Hundreds of them, maybe.
And not because she didn’t care, but because it was either lose a hundred men here and now, or lose a thousand people at some settlement somewhere.
So I took that seat. I’d been in those shoes before and just from her demeanor already, I could tell she was a tougher nut to crack than I was, and I respected that.
Tough was easy.
But tough, competent, and still human?
That was a saint.
“Let me be the first to officially welcome you to Harper Station. You’ll get the full tour after you and I have had a few words. First order of business, though: did you encounter anything of note out there, Sergeant?”
“Yes,” I replied. “I ran into a Phantom about five miles back. Killed it. I also saw an old refinery maybe six miles northeast of here and marked it on my map, since I didn’t see it marked on the old chart. Though it hadn’t been updated in a while.”
“We haven’t heard of a refinery so far. Good eye. About the Phantom...you were coming from the southeast, correct?”
“Correct.”
“Hmm. That’s the third Phantom we’ve seen in that directly...something to consider,” she muttered as she scribbled something down on her desk. She tossed aside the pen after a moment and looked at me with stern eyes. “Nothing else?”
“Nothing else, Commander.”
“Fine. Let’s talk.”
For a moment, Caspian just stared at me, her hands clasped together in front of her on the desk. She was frowning, just a little. Unhappy, but thoughtful, and even compassionate.
I thought of telling her I already knew what she wanted to talk about, and what she was going to say, but didn’t.
Maybe I was wrong. Maybe I didn’t know what she was going to say.
I felt wrong more lately.
“Your previous CO told me about the...conditions under which you were transferring. To be completely honest with you, Gideon, I didn’t think we’d ever see you. Seventy miles through the bush, alone, delivering some cargo...it seemed like a suicide attempt.”
“It might have been,” I admitted.
“You don’t know?”
“I don’t know.”
“...I understand. But you did make it, and you are here, Gideon, and…” She hesitated, then she sighed heavily and looked out the door that led onto her deck.

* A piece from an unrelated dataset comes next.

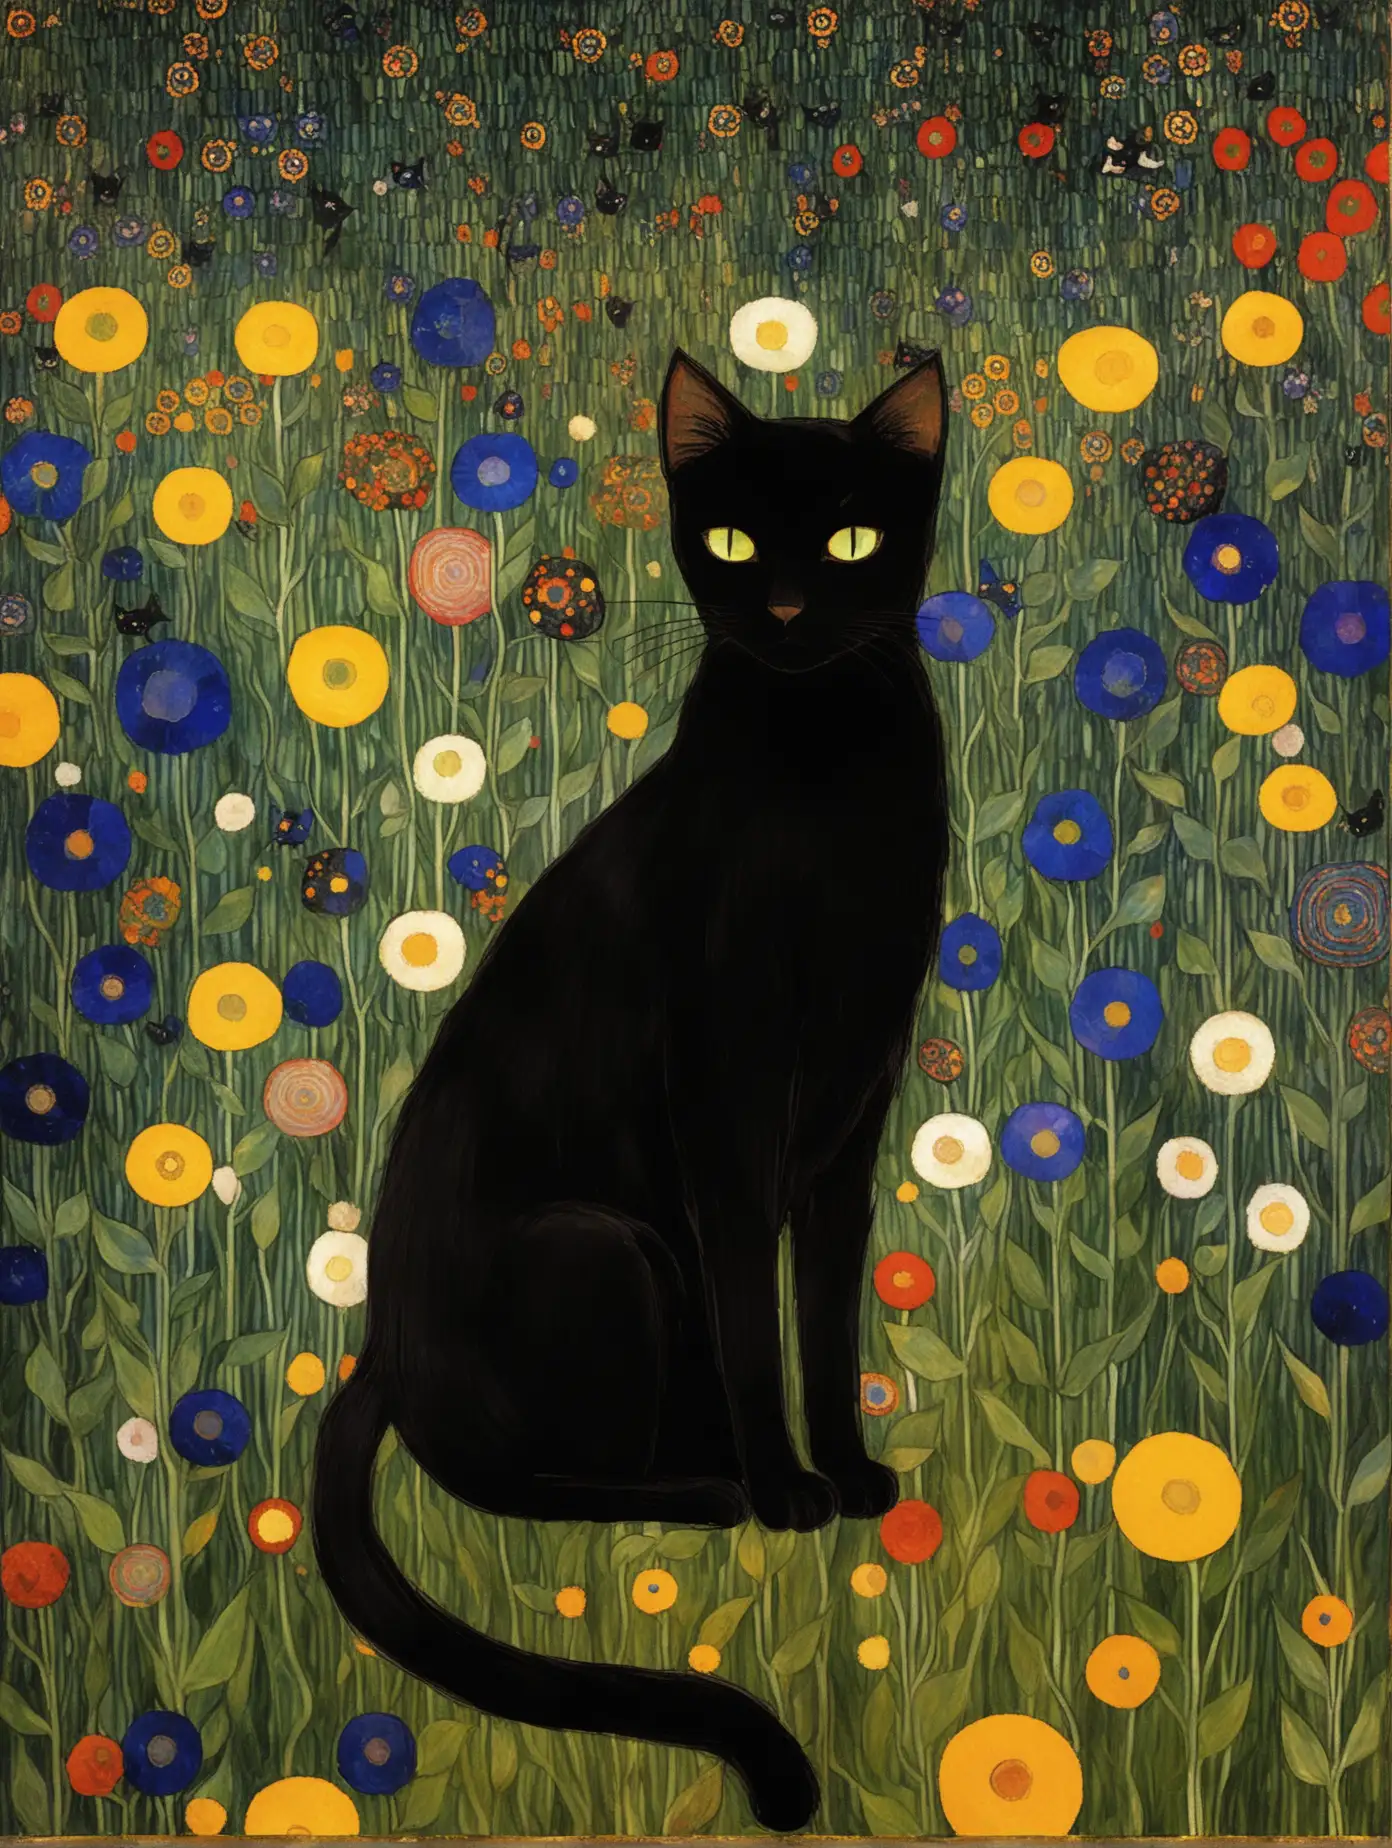 Klimt Inspired Garden with Black Cat Artwork

Out at her outpost. Her base.
Her home.
Without looking at me, she said, “We don’t have many people here, and everyone here isn’t very stable. We all want to stay alive, much as a struggle as it might be, and lead for a last meal looking appetizing is just as much a threat as a Phantom sneaking up on you.”
Here, she looked back at me, right into my eyes.
“I won’t have you threatening us or what we have here, Gideon. Gloom is infectious, and we’ve all already got some. One look at you tells me you’re the type to keep your mouth shut through it all, no matter how bad it gets. And believe me, I know the appeal. It’s seductive in its stoicism. But we are not stoic, even now, even after everything that’s happened. Tragedy is in our blood. All of us. We’re here to help each other. If you’re having problems, talk to someone.”
She looked at me dead in the eyes for another long moment. I let the silence play out, mostly because I wasn’t sure what to say.
“Understood,” I replied finally.
She let out a tiny sigh, clearly convinced she hadn’t gotten through to me. Abruptly, she stood up and then came around the desk again. “Come along, let’s get to that tour.”